The Food and Drug Administration on Friday approved Eli Lilly’s monoclonal antibody treatment for infants and children under the age of 12 with Covid-19 who are at high risk of developing the virus seriously because of a condition such as obesity or diabetes .
Previously, high-risk Covid patients aged 12 and over had the option of receiving the medication that is normally administered intravenously in a clinic or hospital and has been shown to reduce the risk of hospitalization and death.
Until now, “we had nothing for young children” with Covid to keep them away from the hospital, said Dr. Walid F. Gellad, director of the Center for Pharmaceutical Policy and Prescribing at the University of Pittsburgh Medical School.
The approval comes amid fears of a winter surge fueled by the new variant of Omicron coronavirus, which appears to be spreading due to a mix of contagiousness and its ability to evade the body’s immune defenses.

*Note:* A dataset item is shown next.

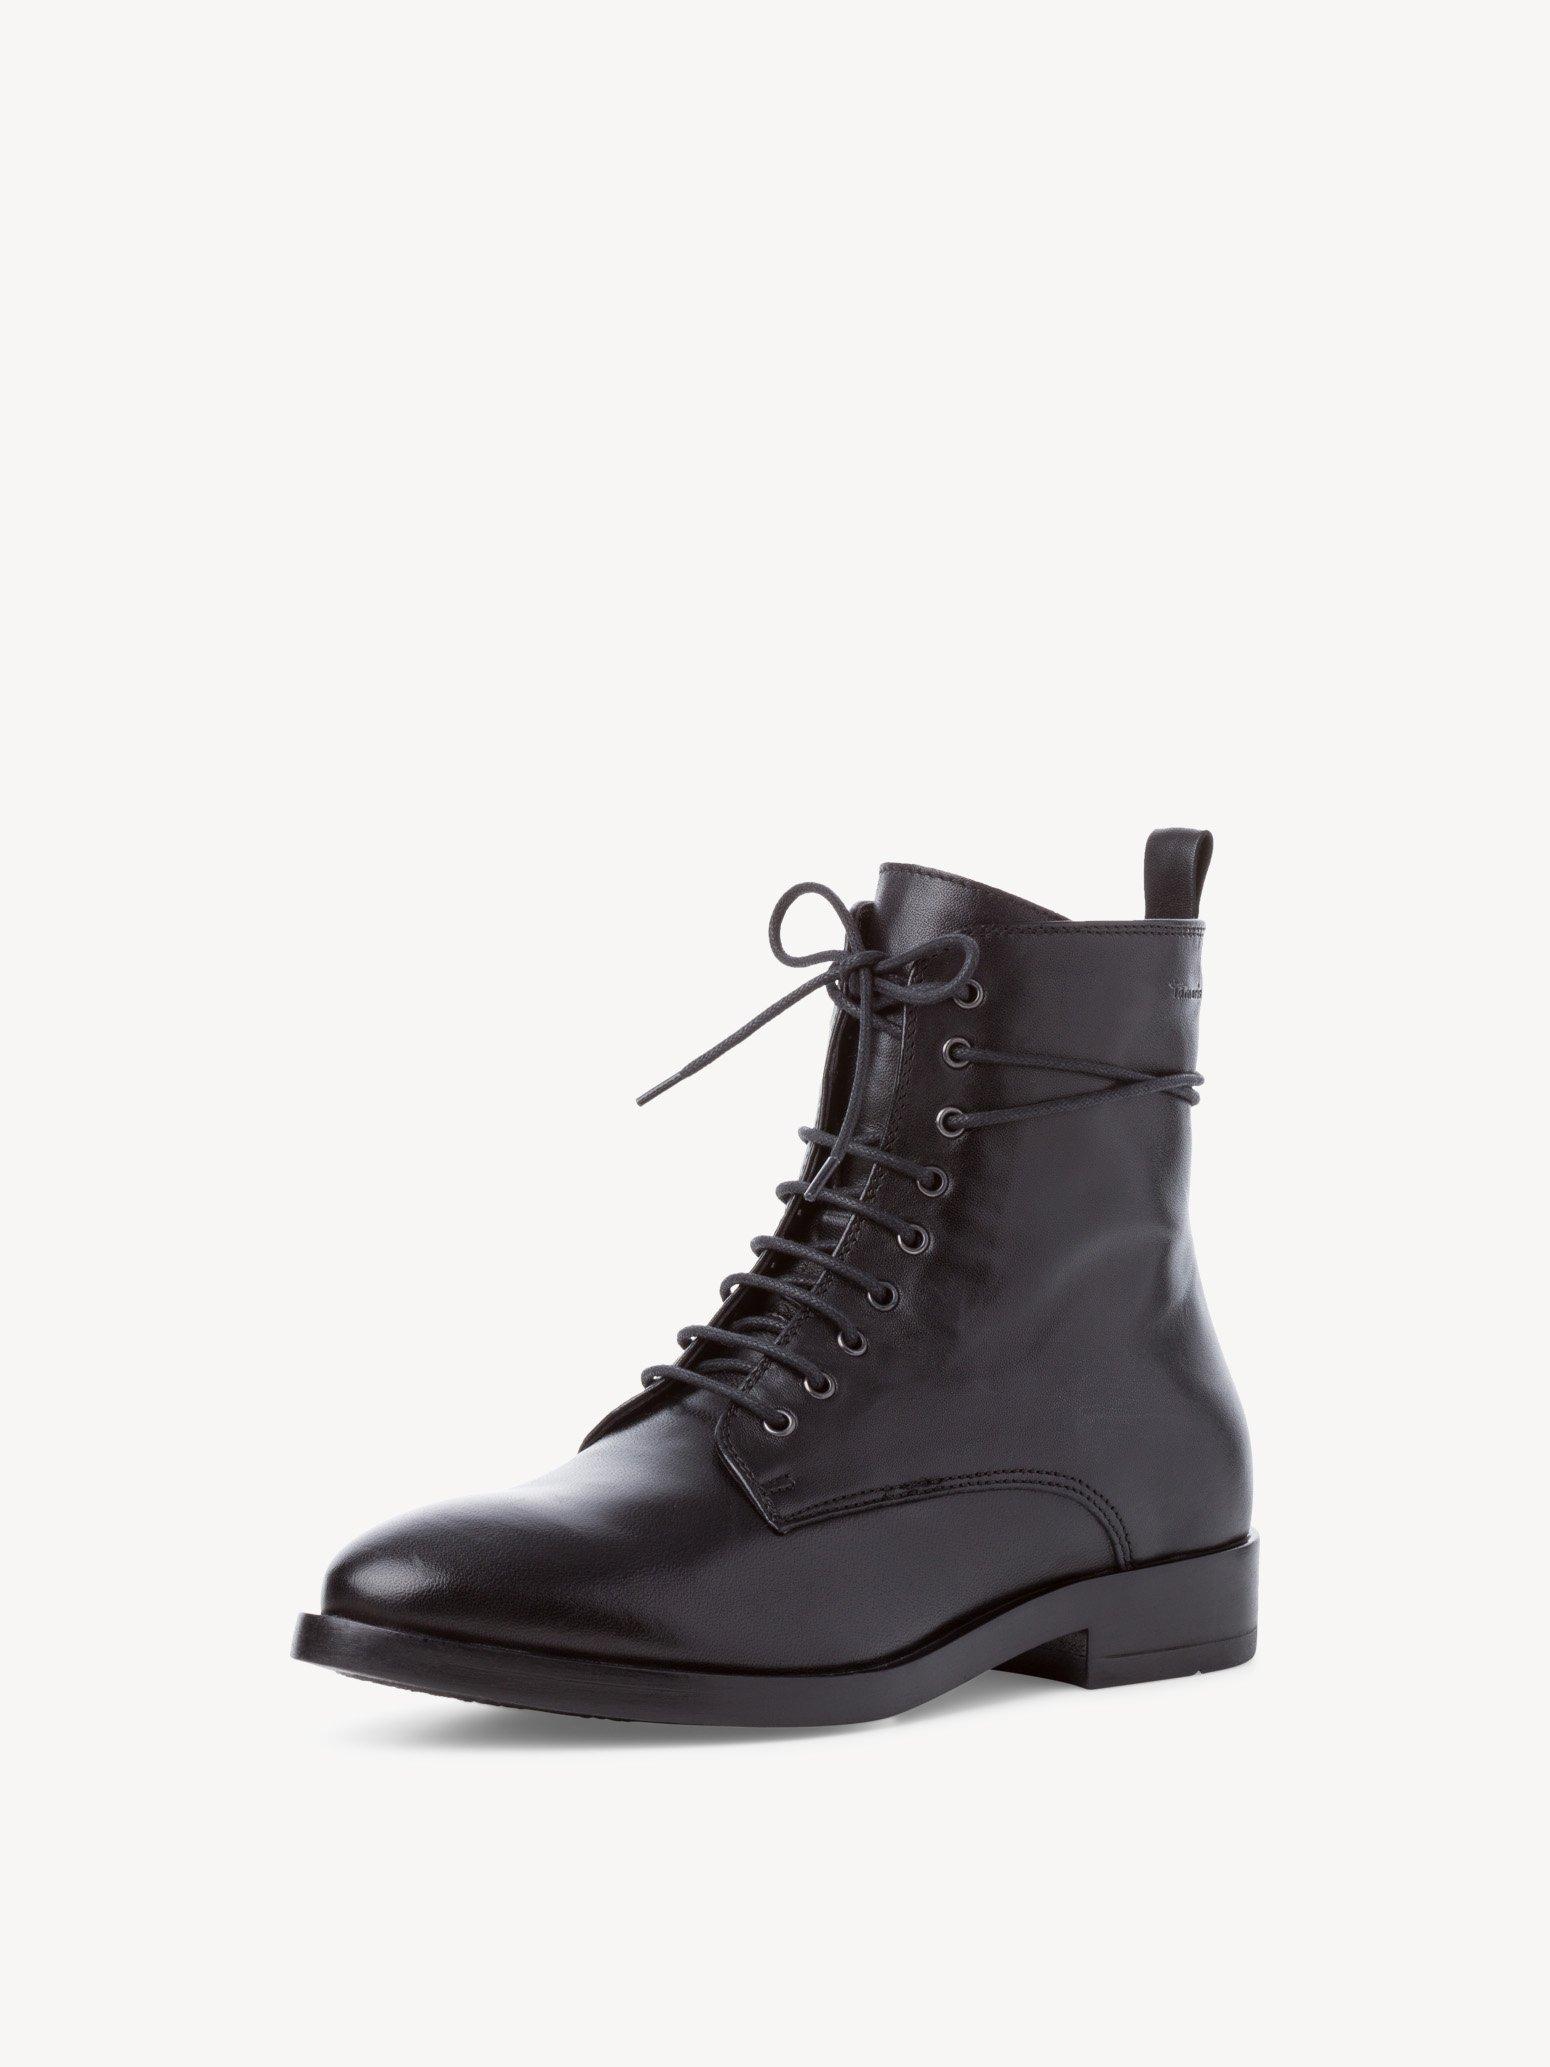 Ботинки Tamaris 1-1-25136-27-001

It is not yet known how Omicron may affect young children compared to other versions of the virus, or whether Lilly’s antibody treatment is less effective against it.
Hospital stays of children with Covid skyrocketed over the summer amid a surge in Delta cases. Among the states reporting the data, between 0.1 percent and 1.9 percent of all confirmed cases of Covid in children resulted in hospitalization, according to the American Academy of Pediatrics.
The FDA said weight-adjusted doses of Lilly’s treatment, a cocktail of two antibody drugs, were evaluated in a safety study of 125 pediatric patients.
“Parents of toddlers, especially high-risk toddlers, have had a difficult time because while their children are at lower risk, until recently the focus of vaccination was not on that age,” said Dr. Gellad. “It is always good to have another option, but it is always worth repeating that it does not replace vaccination.”